Speaking of last year’s drug store day - I’m wondering how alternate-universe OnionMiasma is doing….

First chapter here

It has been 419 days since the accident. Onion absent-mindedly rubs his right shoulder and grimaces at the pain. 419 days since he was lucky enough to have an ambulance feet away as he plowed his small Ford hatchback into the side of a fire truck., and 399 days since he emerged from the doors of his small-town hospital, not good as new, but with a new outlook on life.

He was on his way home to shave before heading to his dead-end job – wow, what a lifetime ago that was! Onion looks around his dorm room, as he takes a drag from his vape pen. The Assured for Men Twist-to-Open razor and the unmarked Chinese-made blade sit out on the top of his dresser; a reminder of his fortune to have been in the right place at the right time. As far as he might get into this hobby, he’ll never get rid of that razor. It was his lifeline.

Oscar, the man driving the town’s only fire truck that Onion slammed into, happened to have been drinking heavily and had a BAC of .32 at the time of the accident. The town wanted to keep that fact quiet, as he was the mayor’s son, so the city quietly paid all of Onion’s medical bills and gave him $85,000 to start a new life.
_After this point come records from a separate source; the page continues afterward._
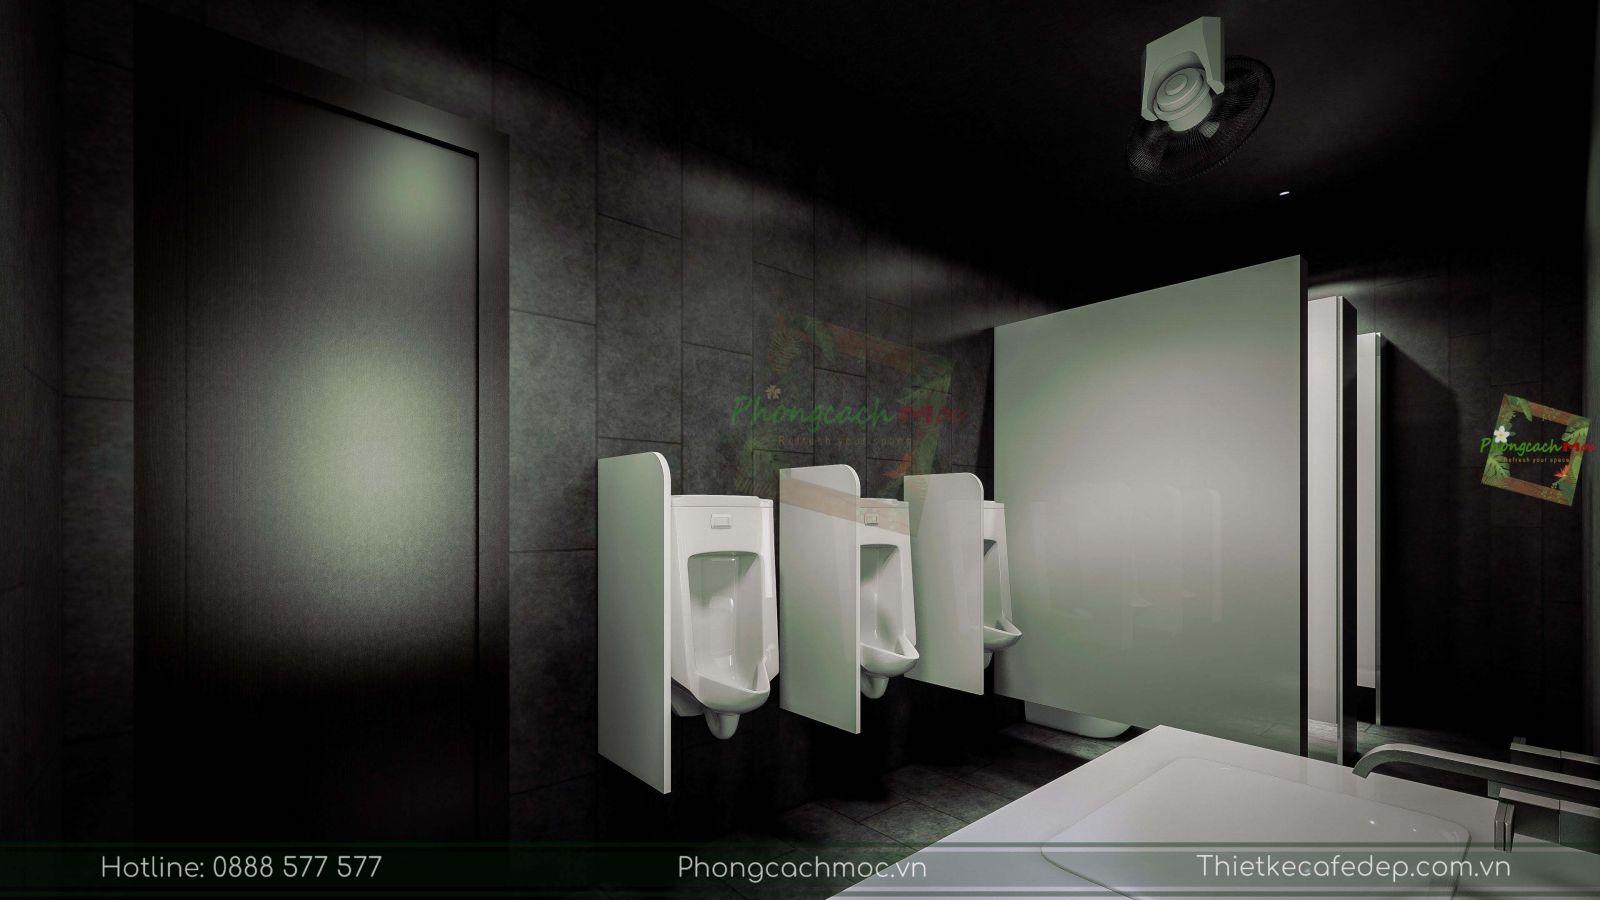 thiết kế nhà hàng trung hoa - khu vực vệ sinh - 2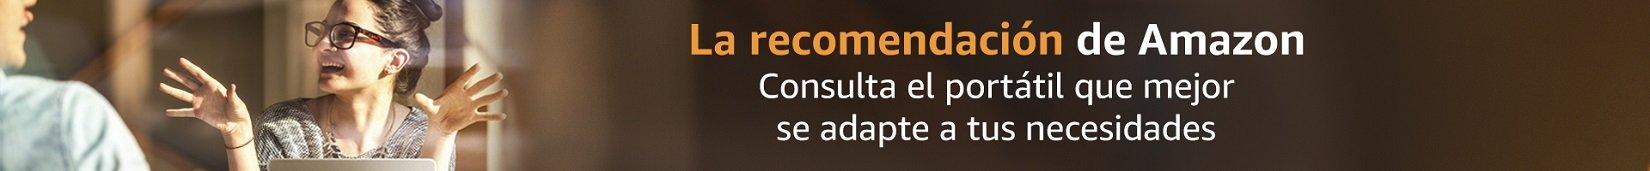 La recomendación de Amazon: Portátiles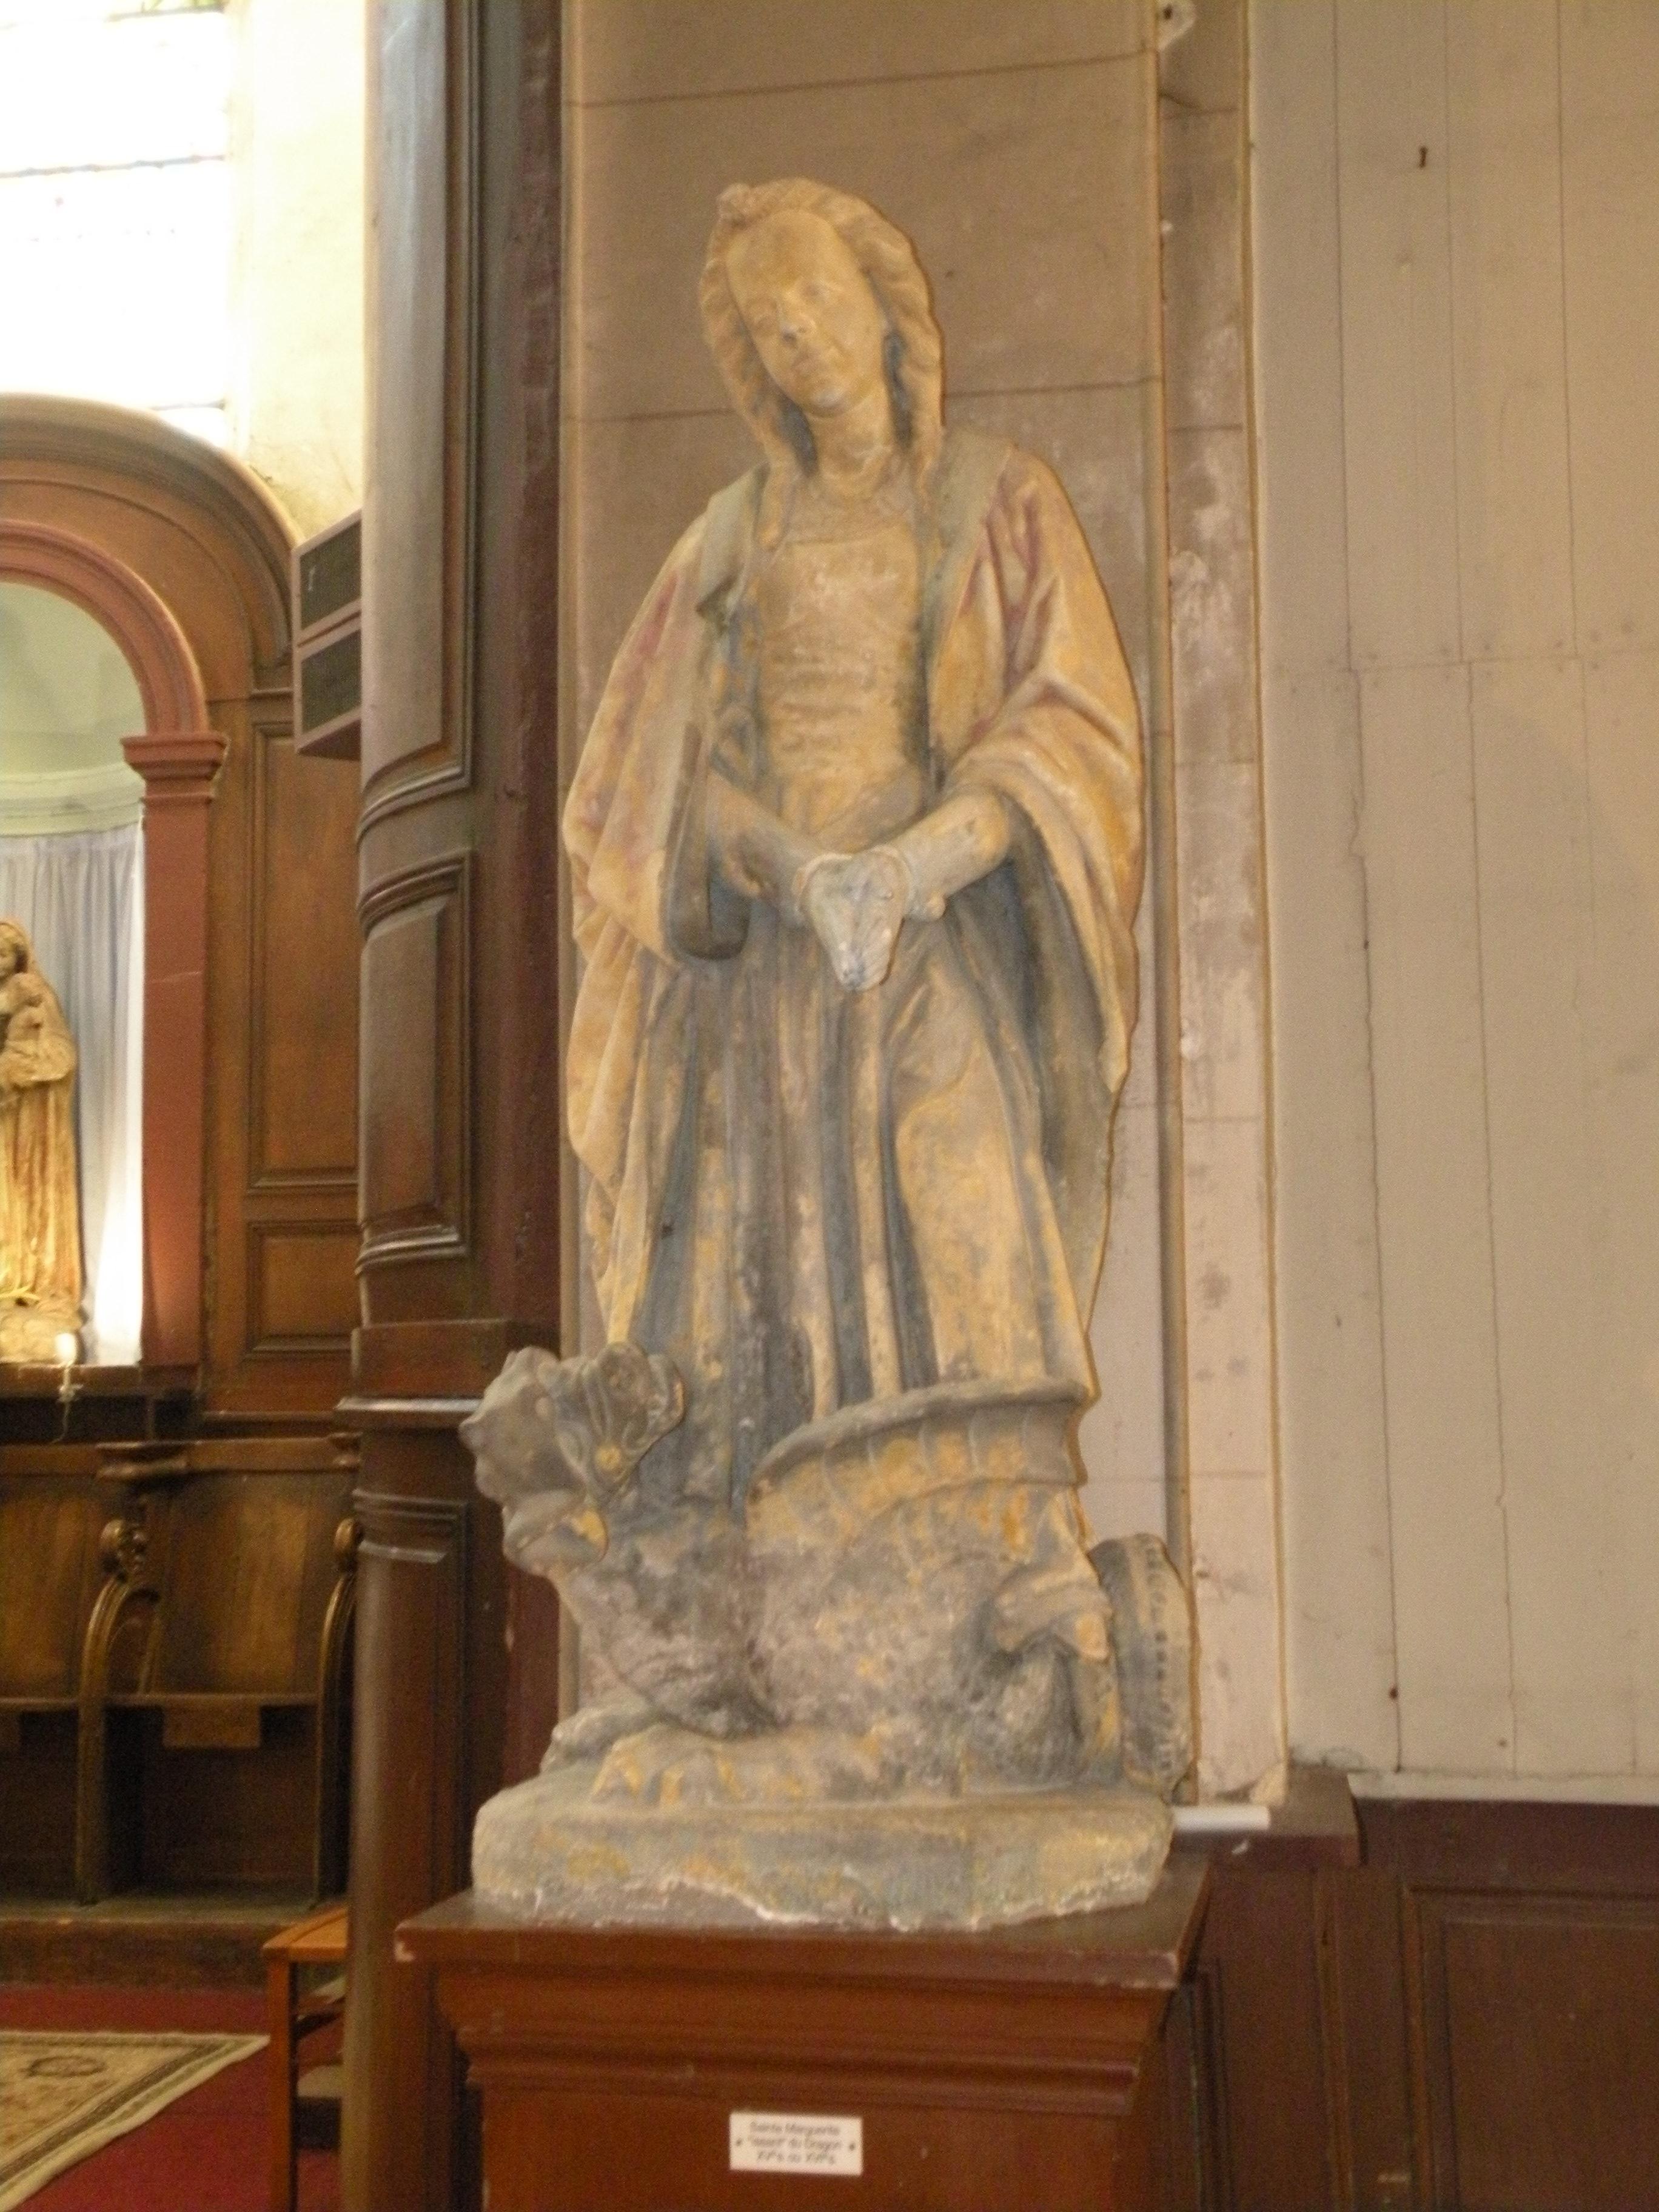 fileglise saint lucien de mru st marguerite 2jpg aglise saint lucien de

He sold mother’s house, and was determined to turn his life around. He moved to North Dakota, which had the cheapest college he could find, and enrolled in an English Literature program. He left all his drug use in his hometown. It’s weird starting college at the age of 41. You’re a pariah among the other students, who feel like you’ve failed at life, until they want you to buy a 30 pack of Old Milwaukee. Finding a partner is nigh impossible - anyone with any ambition packs up and leaves this town as soon as they receive their diploma, leaving the dusty plains behind them.

But, as any addict will tell you will happen, Onion quickly replaced his drug use with something else. Something even more nefarious than the methamphetamine that had defined his 30s.

Soap.

Wetshaving had saved his life. He could have a fresh start, solely because he was in an accident due to this new hobby, and he was determined to repay the hobby. Packages arrived at his dorm room almost daily. Inside were plastic tubs with colorful labels and exotic-sounding names. Phoenix Artisan Accoutrements. Ariana and Evans. Henri et Victoria. Pinnacle Shaving. Lothur. Van Yulay. These packages caused his bank balance to deplete alarmingly fast, but he couldn’t help it - he had to collect them all, and when he had the opportunity to buy the Soap of the Gods, he did without hesitation. All 619 scents.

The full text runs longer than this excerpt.